Well ... this is bruuutal! Nellie, a tale of "Love" gone bad... That last line... KILLER! [ pun not intended] really, it was a stroke of genius..


----------



## ned (Feb 11, 2016)

a haunting and moody poem - told with a good 'voice'

the rhythm trips up here and there - which detracts from the sombre mood.

Piercing cries from the powder room
were heard moments before noon, - the opening needs to be smooth - 
jiggle the words - change some if you must - to help the rhythm
example - the hard beat is in bold..
Mo*ments* be*fore* the *strike *of *noon*,
a *pierci*ngcry from the *pow*der room

try to be consistant with it,  for a smoother ride.
if noon is not important, try afternoon with weather conditions, for a bit of atmosphere.


love is patient and love is kind
now is his time to seek and find - the hard beat is on a passive 'is' - now's his time - simple
think about these things, because the ideas and the volcabulary are great - so let them flow!

she found her way on to the roof - sounds like she fell on the roof - perhaps re-order for clarity

 she found her way on to the roof 
for this was her ultimate proof, 
Piercing cries from the powder rooom
were heard moments before noon,
 
a bellowing scream silenced all
as they watched her fateful fall,
love is patient and love is kind
now is his time to seek and find
another adoring, caring wife
who will give all with her life.

just some thoughts - no idea what happened to the formatting!

cheers
Ned
 ​


----------



## Nellie (Feb 11, 2016)

ned said:


> a haunting and moody poem - told with a good 'voice'
> 
> the rhythm trips up here and there - which detracts from the sombre mood.
> 
> ...




IMO, "the *strike* of noon" sounds like an attack and in this poem, one is already under attack.





			
				ned said:
			
		

> love is patient and love is kind
> now is his time to seek and find - the hard beat is on a passive 'is' - now's his time - simple
> think about these things, because the ideas and the volcabulary are great - so let them flow!



thanks for pointing that out.




			
				ned said:
			
		

> she found her way on to the roof - sounds like she fell on the roof - perhaps re-order for clarity


:scratch: I do not understand. How does one get the idea that she "fell" on the roof?




> just some thoughts - no idea what happened to the formatting!
> 
> cheers
> Ned


 ​?


----------



## ned (Feb 12, 2016)

weary sigh -

I go to some lengths to explain how the rhythm of this poem is off, and how it can be fixed by showing an example -
just a knocked-out line showing the beat/stresses in roughly the right places.
but somehow, you completely missed the point -.
I'm not one for writing other people's poetry!

I do not understand. How does one get the idea that she "fell" on the roof?
because *you* wrote-

as they watched her fateful fall,
she found her way on to the roof

no idea what happened to the formatting!
it's pretty clear that the formatting in my post (and this one!) is all over the place - go figure.
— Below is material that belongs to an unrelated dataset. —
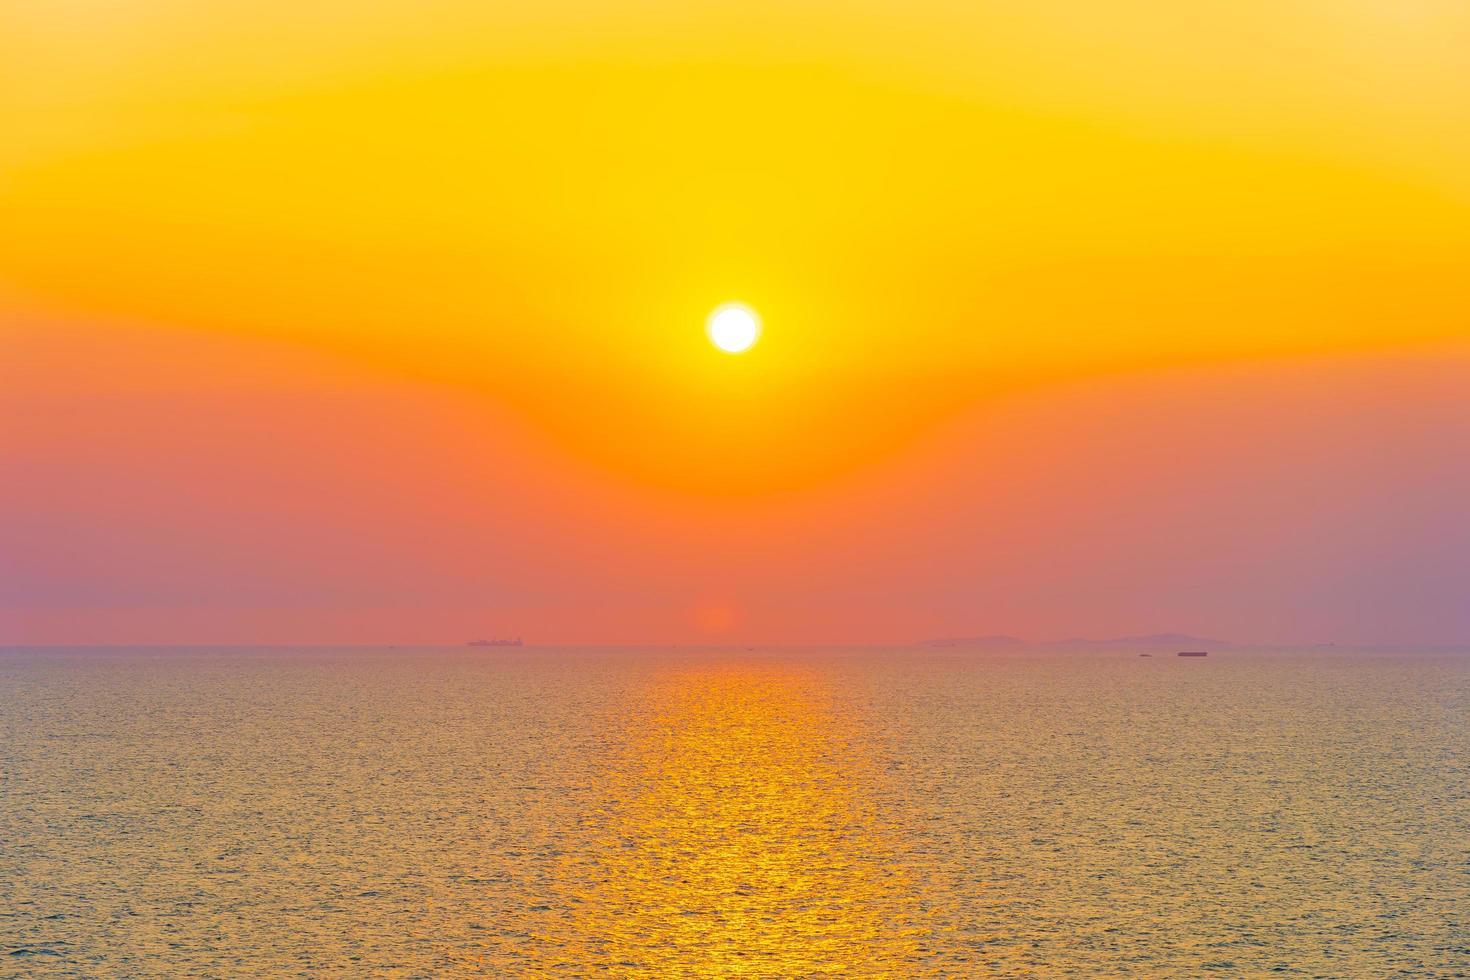 prachtige zonsondergang of zonsopgang op de oceaan foto

it's one thing having to explain one's work - but having to re-state the blindingly obvious is rather tedious.
please Nellie, take the same care and time in understanding my critiques as I give in trying to understand your poems.
Ned


----------



## Nellie (Feb 12, 2016)

ned said:


> weary sigh -
> 
> I go to some lengths to explain how the rhythm of this poem is off, and how it can be fixed by showing an example -
> just a knocked-out line showing the beat/stresses in roughly the right places.
> ...



Let's agree to disagree. I don't feel _I _missed the point, but you missed my point.



			
				ned said:
			
		

> I do not understand. How does one get the idea that she "fell" on the roof?
> because *you* wrote-
> 
> as they watched her fateful fall,
> she found her way on to the roof



there is punctuation (a comma)for a reason. "She found her way on to the roof" How do _you _get the idea that she "fell onto the roof? I honestly do not understand where YOU are coming from. She knew what her ultimate goal was, to make her way on the rooftop so she could make sure she would fall, to commit suicide. 




			
				ned said:
			
		

> no idea what happened to the formatting!
> it's pretty clear that the formatting in my post (and this one!) is all over the place - go figure.
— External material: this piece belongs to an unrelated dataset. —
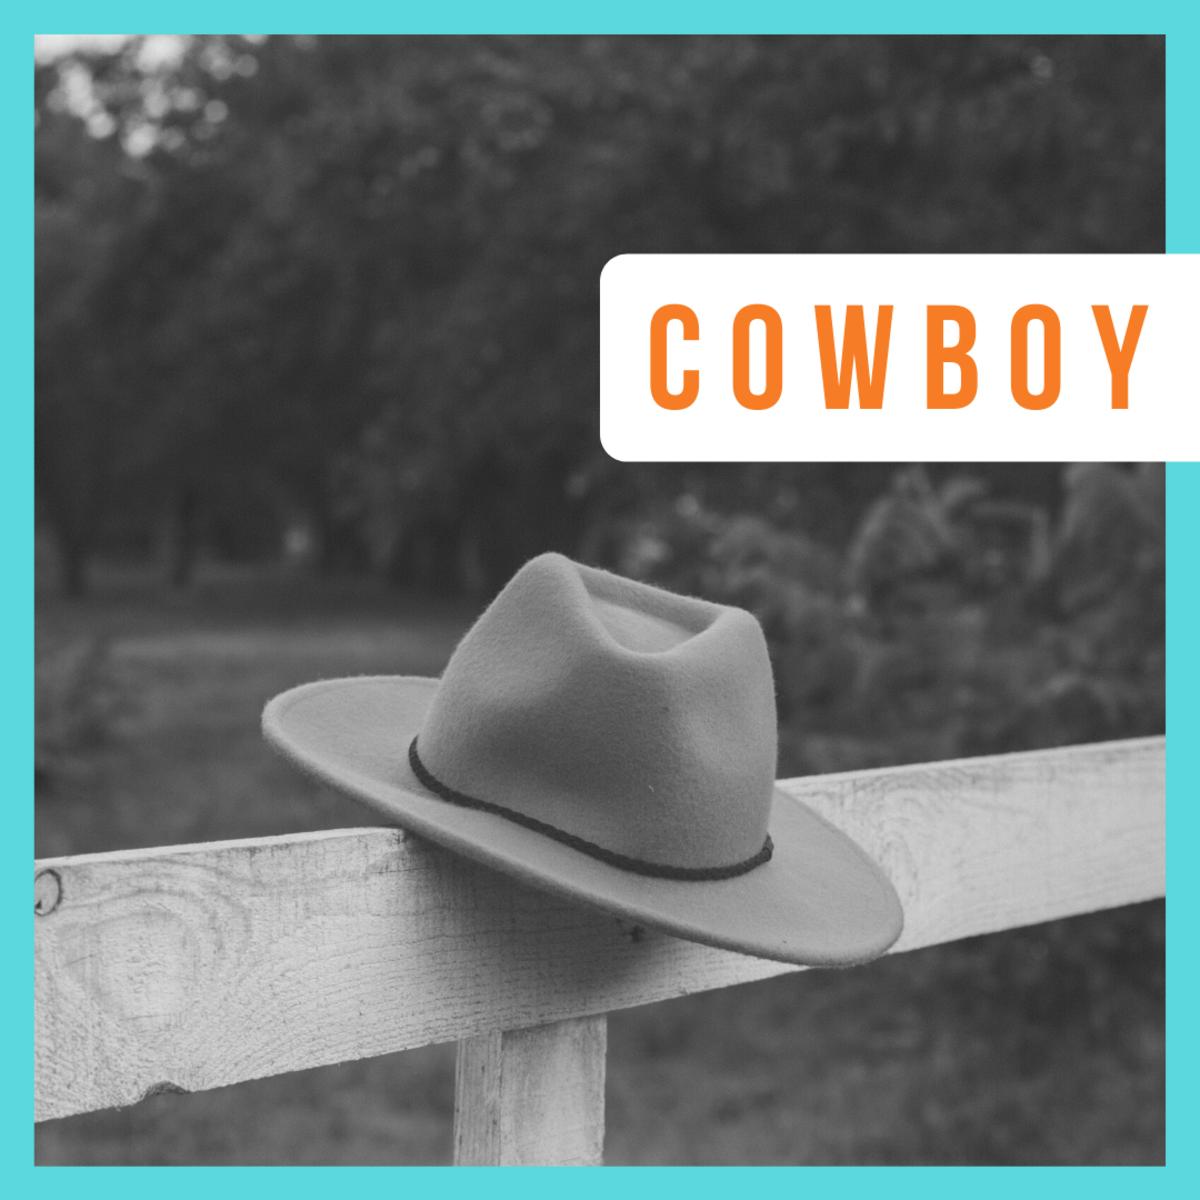 Saddle up, Cowboy.

IMO, it's pretty clear in the format that she was going to jump---- she was all over the place!!



			
				ned said:
			
		

> it's one thing having to explain one's work - but having to re-state the blindingly obvious is rather tedious.
> please





			
				ned said:
			
		

> Nellie, take the same care and time in understanding my critiques as I give in trying to understand your poems.



It's one thing to have to spell out the obvious of what the poem is really about..... so please take the time and see my POV. Just because you and others critique poems, doesn't mean I have to fully agree with you.


----------



## ned (Feb 16, 2016)

I say "please Nellie, take the same care and time in understanding my critiques..."
for some reason, you read  "Nellie, you have to fully agree with my critiques"    ???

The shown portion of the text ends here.